I'm not sure.. Of course node can't have several backing children.. Quorum cares to name children differently.

But for example, block-stream job may have several children named simply "intermediate node".

But block-jobs children is so internal feature, that I'm not sure we can allow user simply replace them.
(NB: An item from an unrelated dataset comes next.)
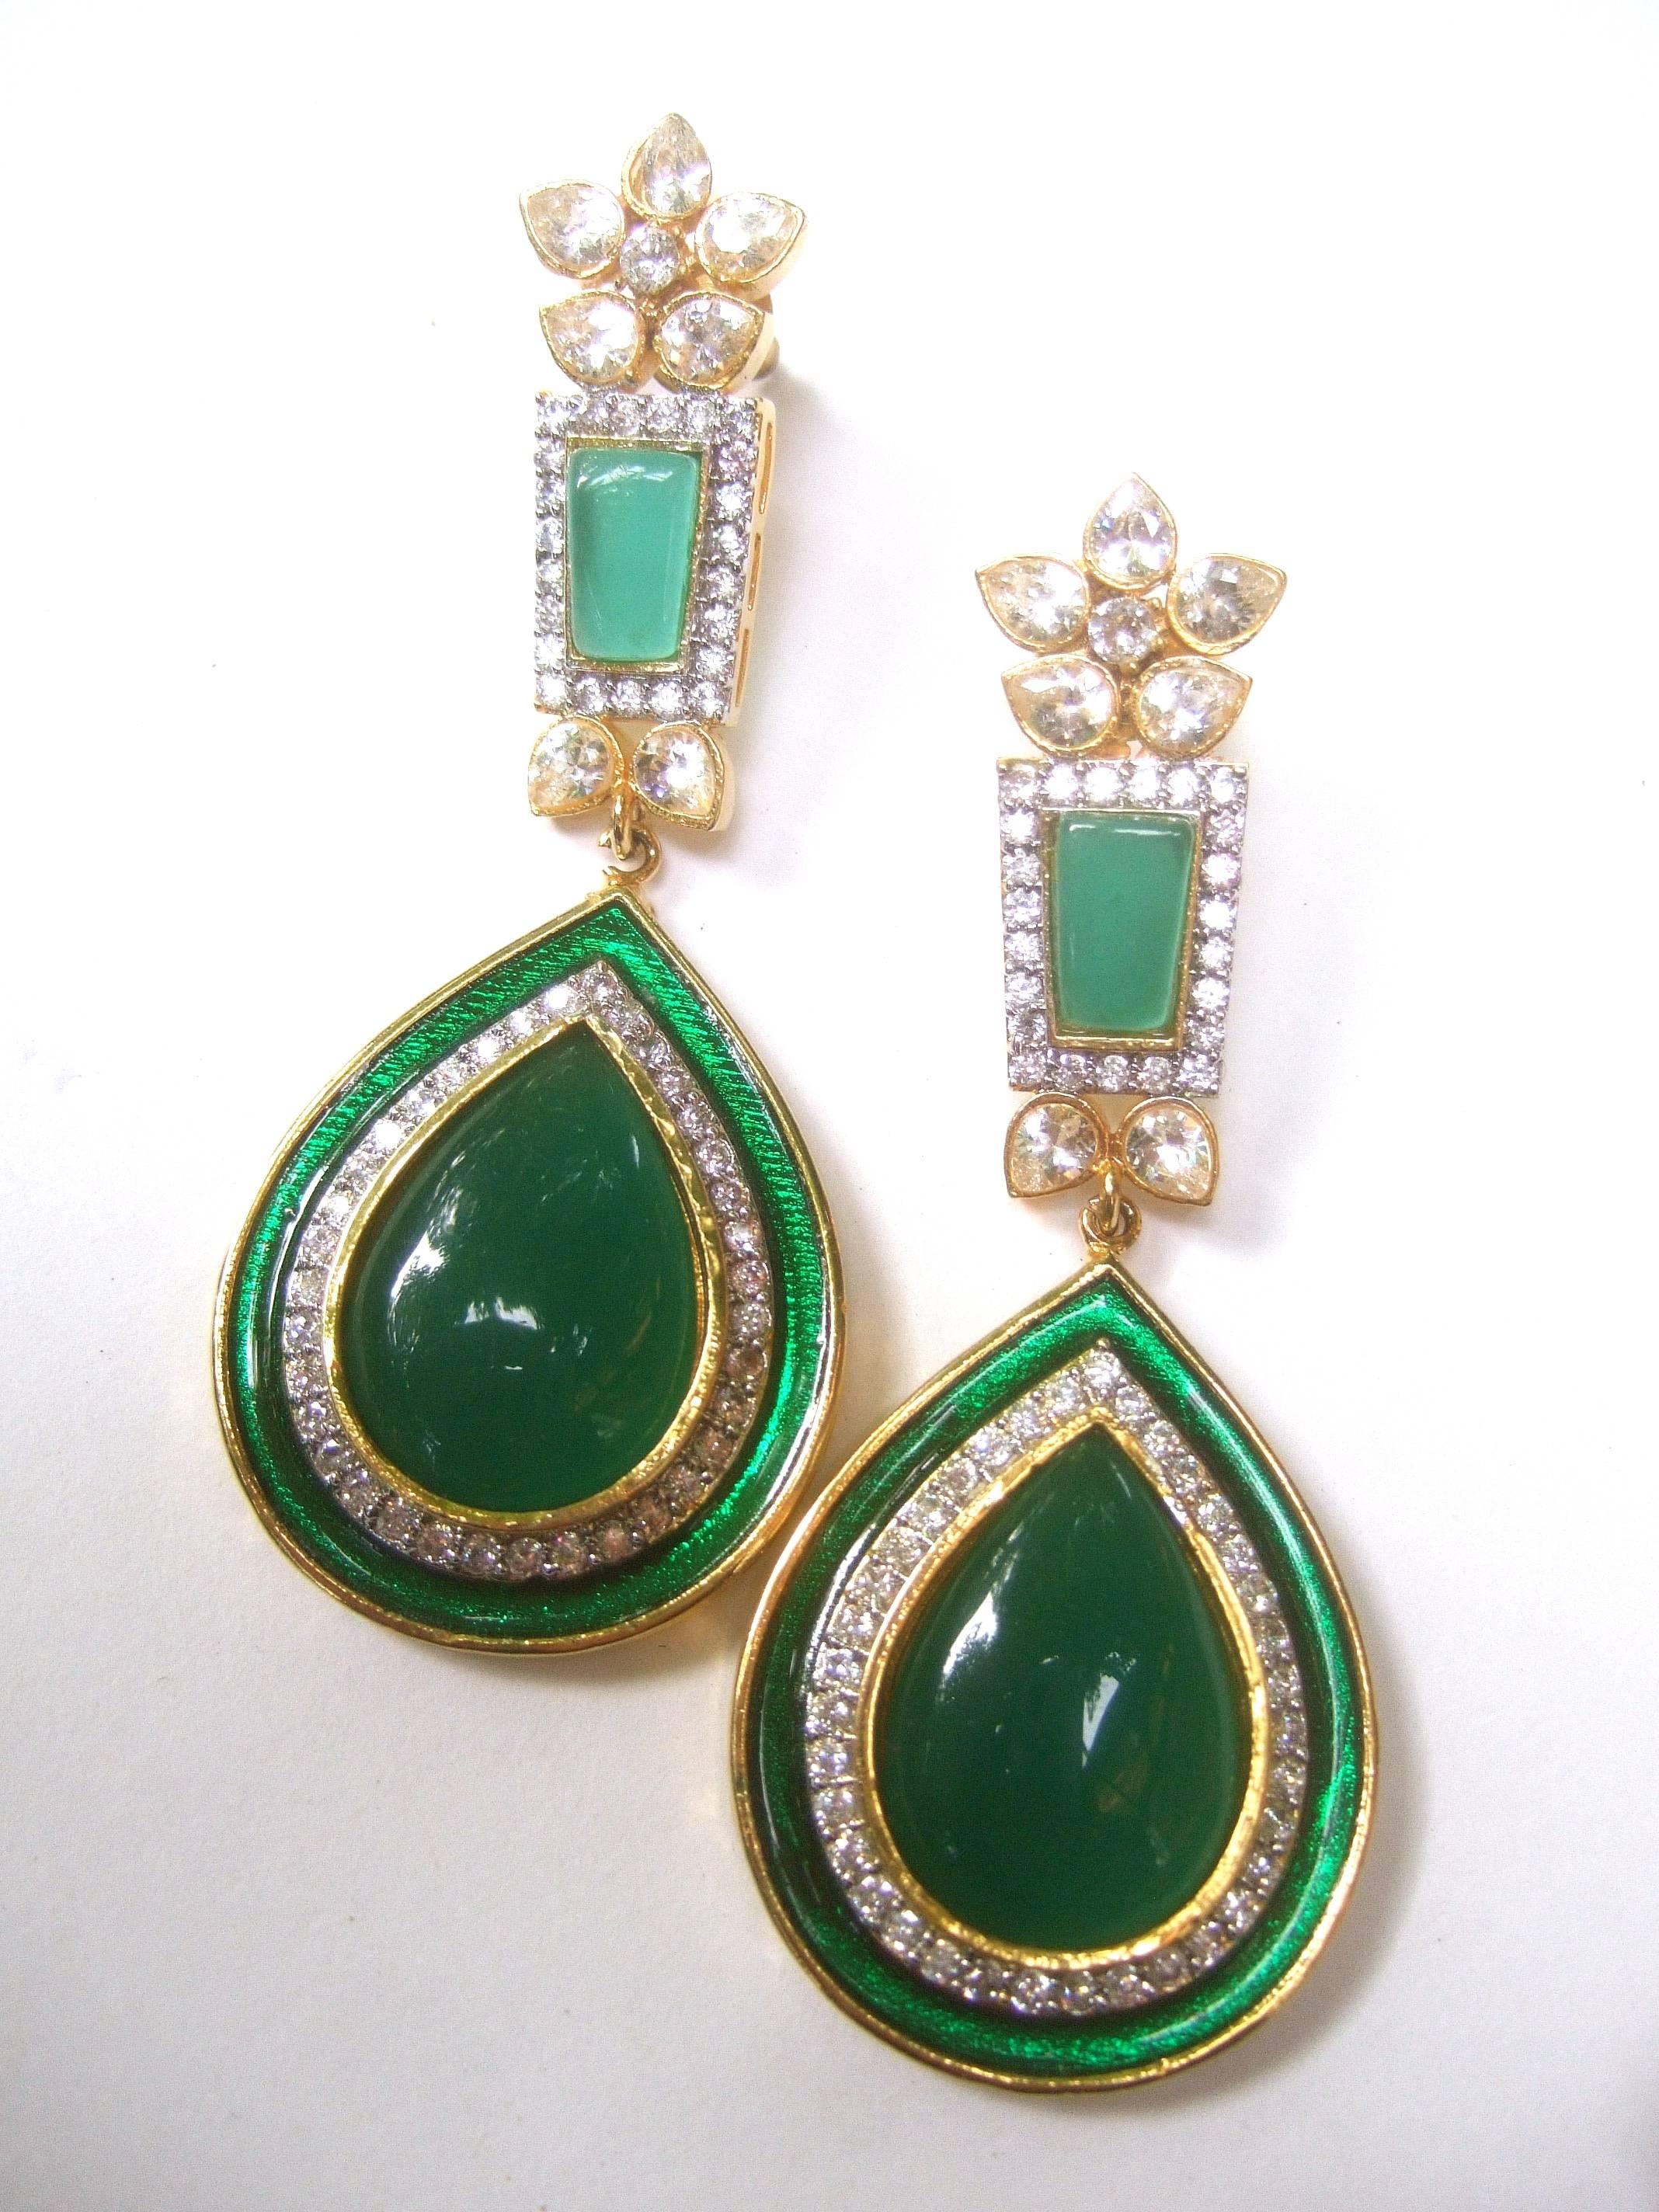 Exquisite Emerald Green Poured Glass Tear Drop Crystal Earrings  2

That's why this series doesn't allow select jobs as parents.

> 
> The obvious way to identify an edge is (source node name, edge name).
> 
> Throwing in the target name is redundant.  Observation, not criticism.
> 
> All other ways can be ambigous:
> 
>      (source node name, target node name), because multiple edges can
>      connect the two.

Still, I have never seen such a use case)

> 
>      (edge name, target node name), because multiple source nodes can use
>      the same edge name to connect to the target node.
> 
>      ...
> 
> Even ways that can be ambigous need not be in a specific graph:
> 
>      Just source node name suffices when there is only one edge leaving
>      it.
> 
>      Even just edge name can theoretically suffice.
> 
>      ...
> 
> Do we really *need* this much flexibility?  Why can't we simply require
> (source node name, edge name), and call it a day?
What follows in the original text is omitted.